Bayu Putri Handayani*, Retno Kawuri, Ni Luh Suriani
Program Studi Biologi, Fakultas Matematika dan Ilmu Pengetahuan Alam, Universitas Udayana
*Email: [email protected]
INTISARI
Lulur yang beredar dipasaran sebagian besar mengandung paraben, jenis pengawet kimia yang aman digunakan dalam jumlah yang sesuai. Akan tetapi dapat menyebabkan iritasi kulit. Penelitian ini dilakukan untuk mengetahui daya tahan lulur alami yogurt dan tepung beras sebagai produk alami tanpa bahan pengawet kimia dan aman untuk kulit. Penelitian ini dilakukan dengan membandingkan lulur yang terbuat yogurt dengan memanfaatkan kultur L. bulgaricus dan S. thermophilus dengan perbandingan 25:25; 30:20; 20:30 dan dicampur tepung beras dengan perbandingan 10:14; 10:16; 10:18 dan kontrol digunakan yogurt buatan pabrik. Lulur diuji organoleptik dengan melibatkan 50 orang panelis. Lulur disimpan di suhu ruangan ±28oC selama 1 bulan dan dilakukan identifikasi mikroba yang mengkontaminasi lulur dengan metode pewarnaan Gram dan uji katalase. Data dianalisis dengan analysis of variance (ANOVA). Starter dengan perbandingan berbeda yaitu 25:25, 30:20, dan 20:30 tidak berbeda nyata, semua perlakuan meghasilkan yogurt dengan karakteristik aroma khas yogurt, warna putih, dan tekstur lembut. Formula pada perlakuan K2 (10:16) dengan rata-rata teritinggi pada parameter warna 3,38 (sangat suka), dan parameter tekstur 3,08 (sangat suka). Meskipun pada parameter aroma nilai rata-rata 2,79 (suka). Daya tahan pada suhu penyimpanan ±28oC selama 1 bulan tertinggi pada perlakuan A1, A2, dan B2 sebesar 83,3%, terendah ditunjukkan pada perlakuan K1 dan K3 sebesar 0%. Kontaminasi mikroba yang teridentifikasi berupa cemaran bakteri Genus Bacillus dan Streptobacillus, cemaran jamur berupa Genus Aspergillus, Rhizopus, dan Trikoderma.

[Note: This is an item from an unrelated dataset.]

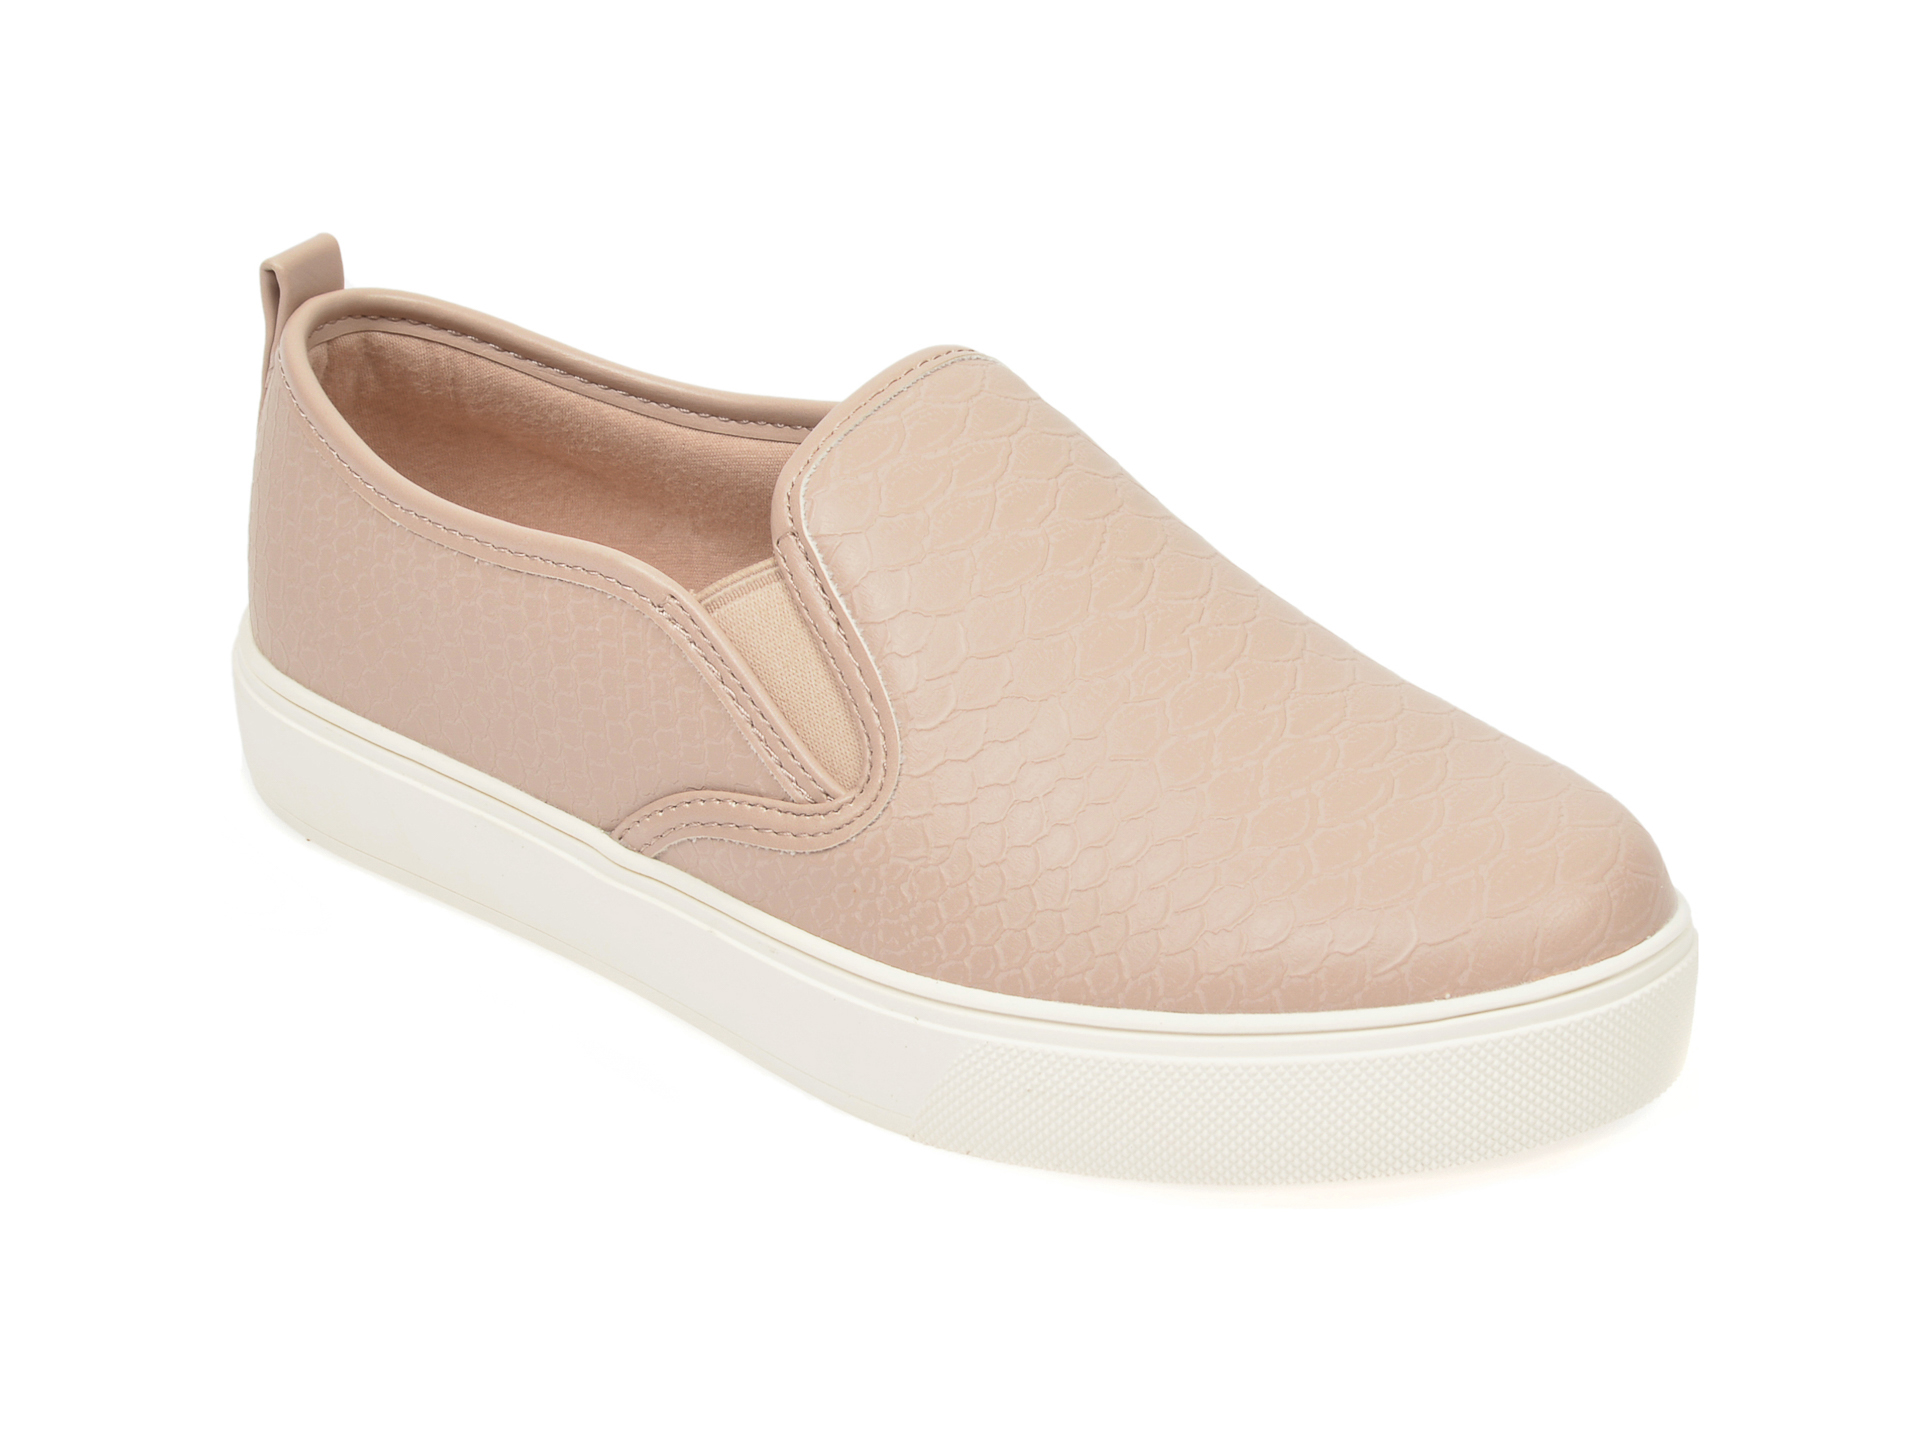 Pantofi ALDO nude, Jille270, din piele ecologica

Kata kunci : bakteri Asam laktat, yogurt, Lactobacillus bulgaricus, Streptococcus thermophilus, lulur
ABSTRACT
The majority of body scrub that are distributed in the market contain paraben. Paraben is a type chemicals that are safe to use in the appropriate amount. But it could cause skin irritation. This research was conducted to know the durability from natural body scrub by yogurt and rice flour without chemical preservative and safe for skin. The research methods are comparison of the use of Lactobacillus bulgaricus and Streptococcus thermophilus with concentration 25:25; 30:20; 20:30. The yogurt will be mixed with rice flour and the treatment control using factory yogurt with concentration of rice flour comparing with yogurt namely 10:14; 10:16; 10:18. This product was tested to 50 panelists. This product was kept in room temperature ±28oC for a month and conducted the identification of microbial impurities that contaminate the product with Gram staining method and catalase test. Data was analyzed by analysis of variance (ANOVA). Starter with different comparison 25:25, 30:20; 20:30 are not making real difference. All of the treatment produce yogurt with typical aroma of yogurt, white colored, and soft texture. The formula in K2 (10:16) treatment with the highest average that obtained 3.38 (very like) in color parameter and 3.08 (very like) in texture parameter. Although in aroma parameter the average value that obtained is 2.79 (like). In A1, A2, and B2 treatment had the highest durability percentage that obtained 83,3% and the lowest was shown in K1 and K3 treatment that obtained 0%. Microbial impurities that identified was bacteria from Genus Bacillus and Genus Streptobacillus, fungal impurities from Genus Aspergillus, Rhizopus, and Trichoderma.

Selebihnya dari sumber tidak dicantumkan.